Mom sat up yesterday evening for a very long time. I wish there was something other than that, that is positive to say. There just isn’t. Watching two people having to move her the two feet from the chair to the bed is an awful thing to witness. The look in her eyes as they move her into position on the bed, the way she can’t help them at all is a haunting sight that I wil not soon, if ever, be able to forget.

Her case manager called me shortly after I left the hospital in the afternoon to tell me that she has to have two people care for her at all times. And it freaked me out 6 weeks ago when they said she required 24/7 care. Shit. At least that was doable. Times 2-not so much. Add MRSA to that equation and we are royally screwed. Then go a step further and add in the fact that the tumor grew during 4 weeks of radiation and chemo, and now with the MRSA treatment they have to suspend both, and holy shit.

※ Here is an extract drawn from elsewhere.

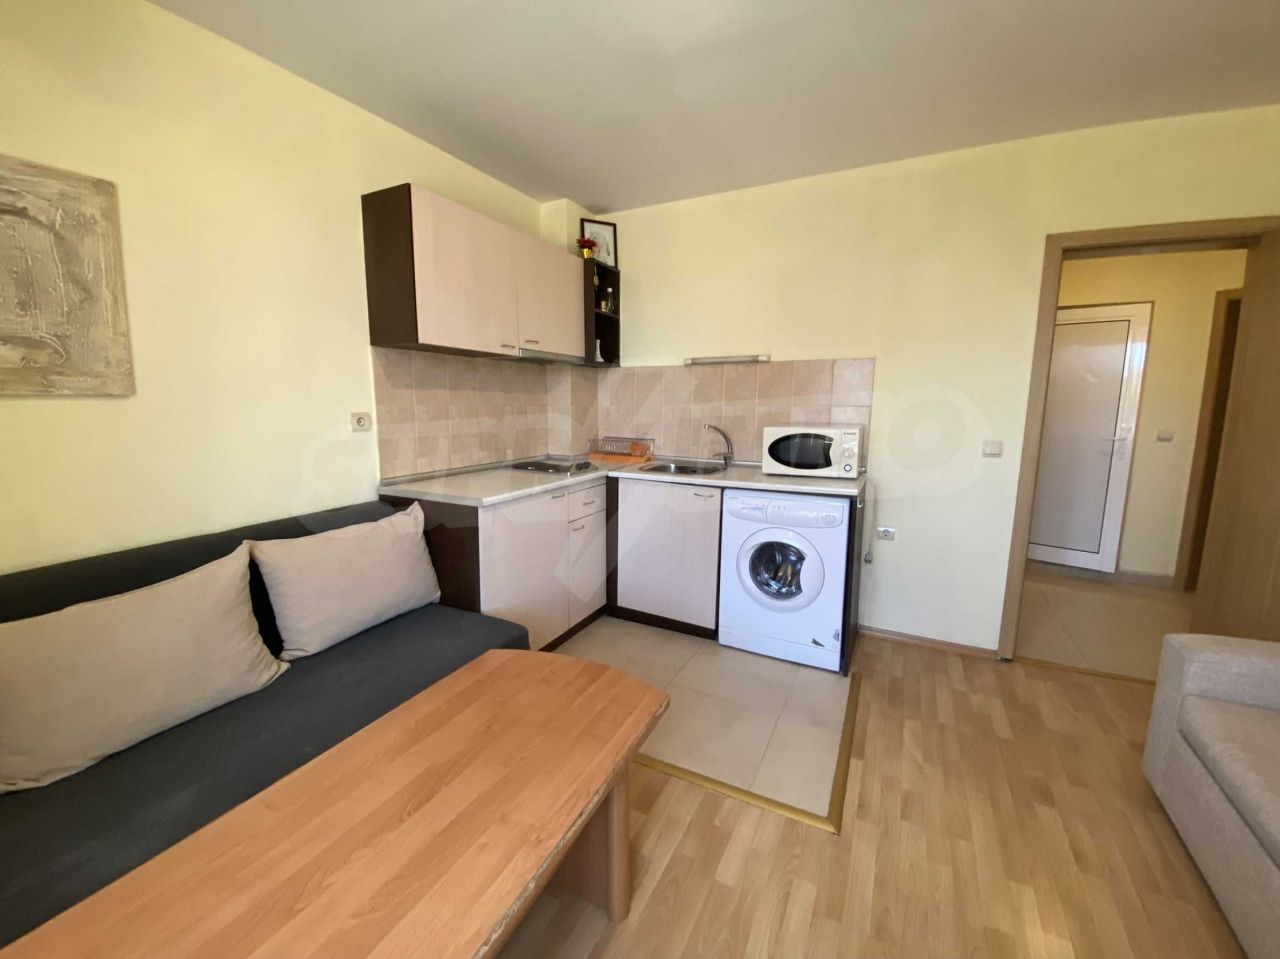 Apartment in Bansko, Bulgarien, 61.5 m2 - Foto 1
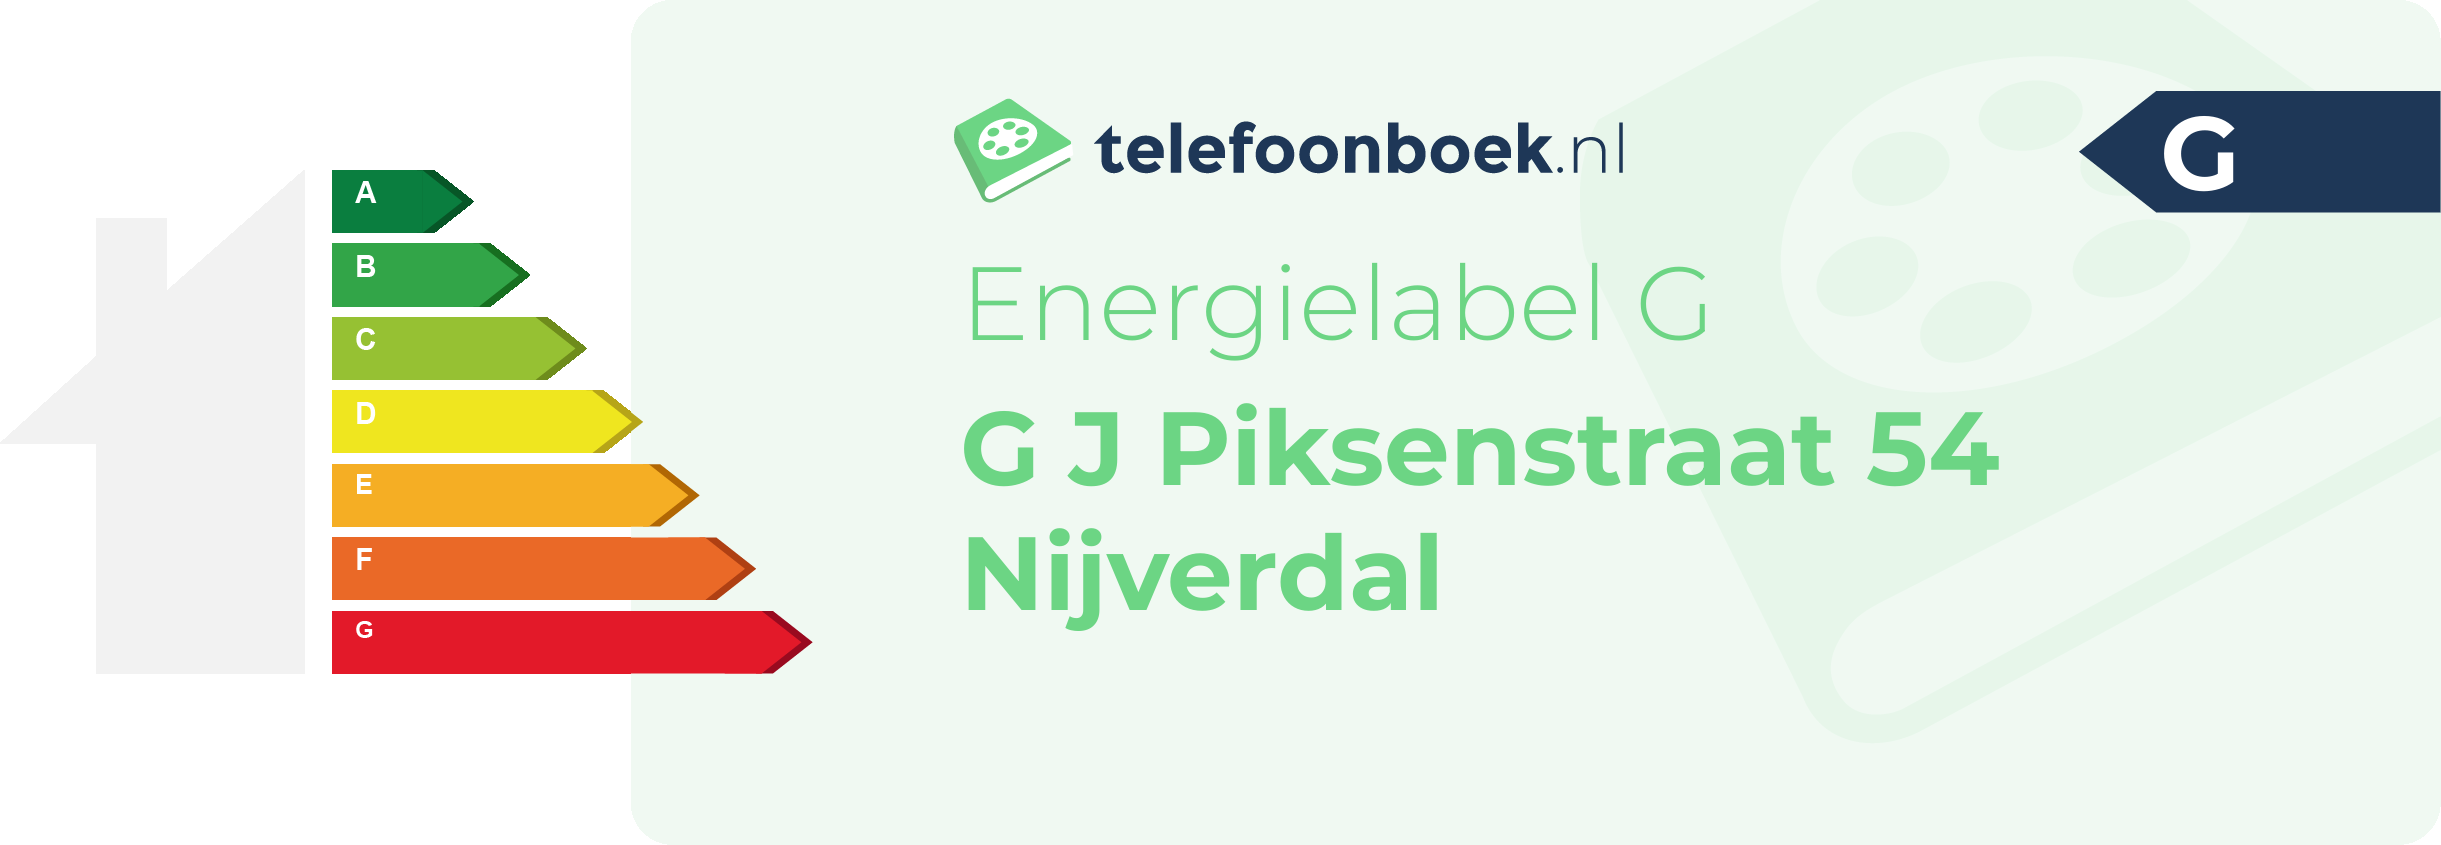 Energielabel G J Piksenstraat 54 Nijverdal

She has not been filled in on all of this and it makes me sick to my stomach. My gut instinct is that I would want to know. But if it makes her give up hope or lose her will, than what is the point of knowing? Seriously, that sounds like a rhetorical question, but if anyone has a strong opinion one way or the other, I want to hear it. Because I am in a protective mode and emotionally looking at the big picture and I don’t like any of the options. It’s obvious to me that we need more information. I will have to have a conversation with her soon regarding  her wishes regarding different “hypothetical” scenarios. I just wish they WERE hypothetical. I plan to look over her living will today to see if anything we are dealing with now is covered.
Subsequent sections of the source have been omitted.